Bakın, ben burada birkaç rakam vereyim: 2003'te vergi barışı yapıldıktan sonra -6 defa dedik- son 2014'te bir vergi barışı yapılmış. Şimdi ne oluyor yani neden oluyor? Bakıyorsunuz, belki buradaki bu aflarda devletin alacakları düşmüş olabilir diye düşünüyorsunuz, baktığınızda geçen af zamanında 100 milyar alacak var, bugünkü noktaya geldiğinizde yüzde 58 artmış, 158 milyara çıkmış. Vergiler ödenemez durumda. Neden ödenemiyor vergiler? Çünkü küçük esnafa yaptığınız hiçbir şey yok.

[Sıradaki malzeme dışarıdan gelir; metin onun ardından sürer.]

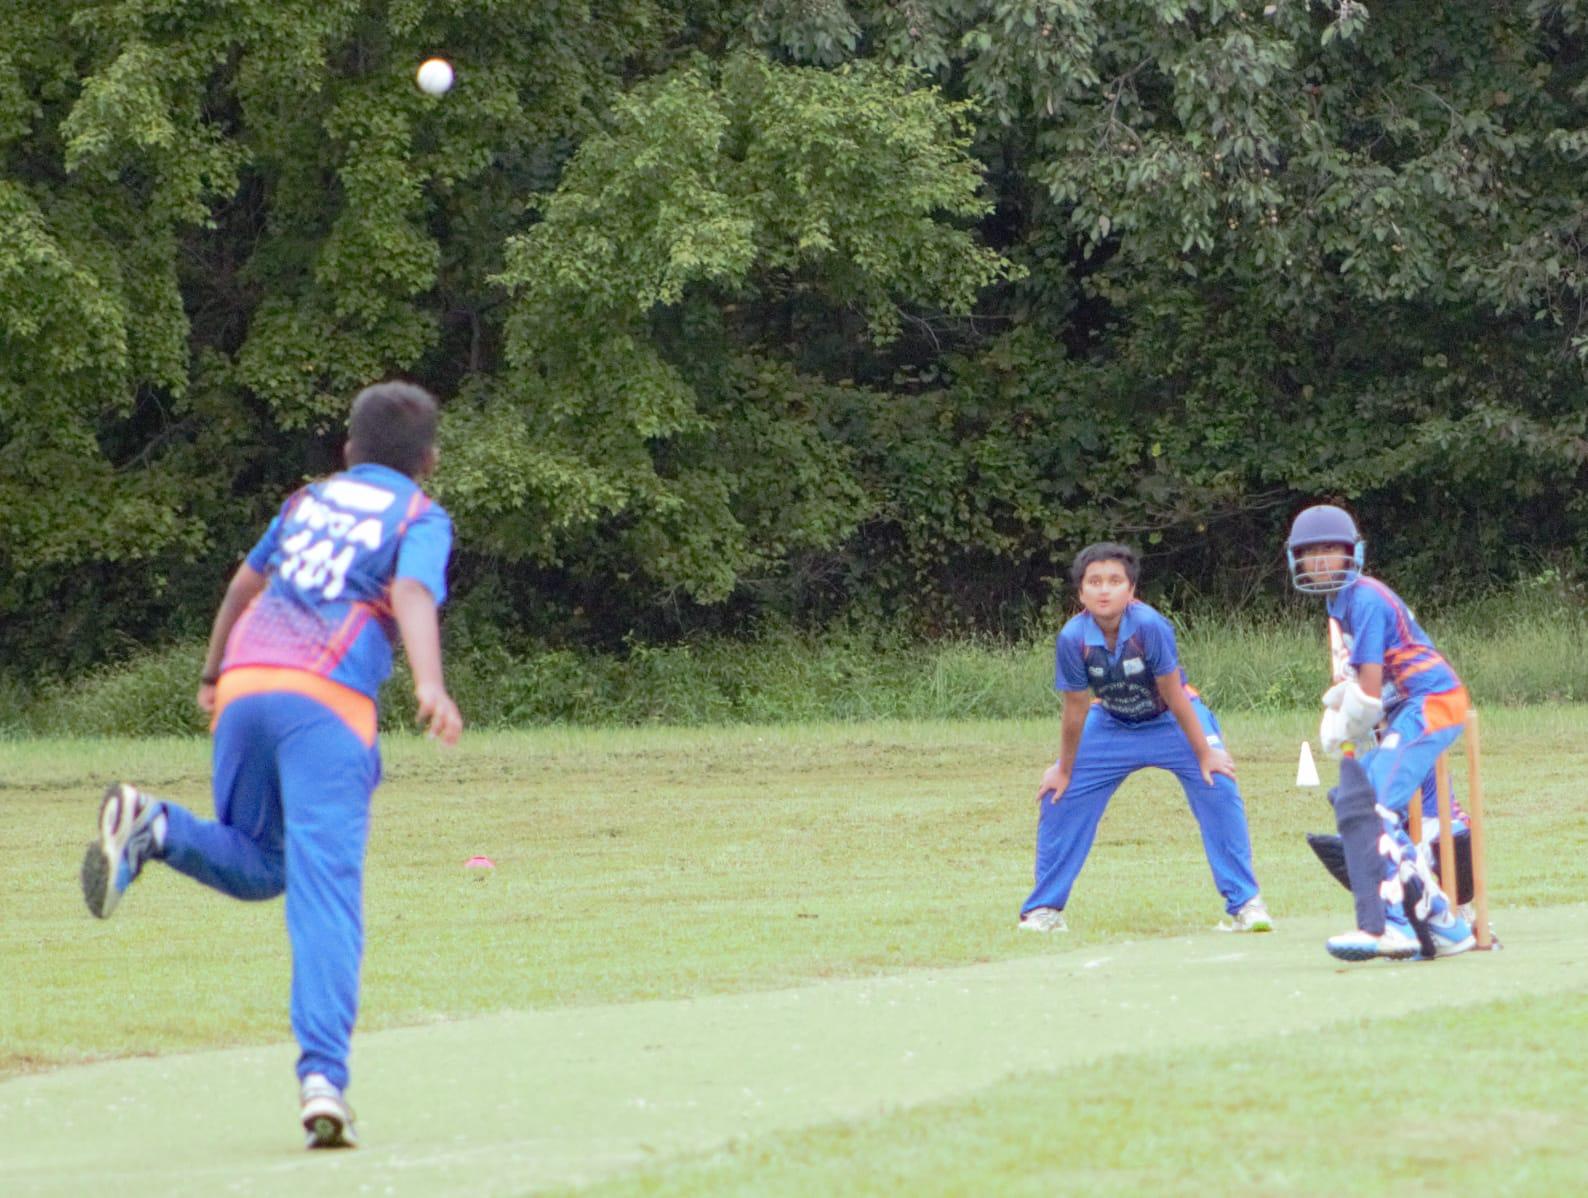 Match practice

Yani, burada bir örnekle bunu size anlatmaya çalışacağım, turizm sektörü. Tamamen iktidarın yanlış politikalarıyla, dış politika, iç politika hatalarıyla orada yatırım yapan yatırımcıyı, orada çalışan turizm emekçisini mahvettiniz. Şu anda Rusya'yla el sıkıştık. Antalya'nın geçen yıla göre sadece rakamı -bakın, geçen yıl da kötüydü- eksi yüzde 97 yazdı arkadaşlar. Ha, Almanya, Avrupa peki ne oldu? Oradan da, Almanya'dan 500 bin eksi yazdık. Burada, ne ekonominin ne ülkenin yönetilmediğini bir kere daha ifade etmek istiyorum. Antalya, Kapadokya, İstanbul, Muğla, Aydın oradaki insanlar evine ekmek götüremiyor bırakın vergi ödemeyi, evine ekmek götüremiyor; iflas eşiğinde. Maliye Bakanı da burada, diğer arkadaşlarım burada, buraya el atmadınız. Bu paketin içinde böyle bir şey yok, dibe vurmuş turizm sektörü, tarım sektörü dibe vurmuş, bunlara hiçbir şey yapmadınız; af üstüne af, vergi affı.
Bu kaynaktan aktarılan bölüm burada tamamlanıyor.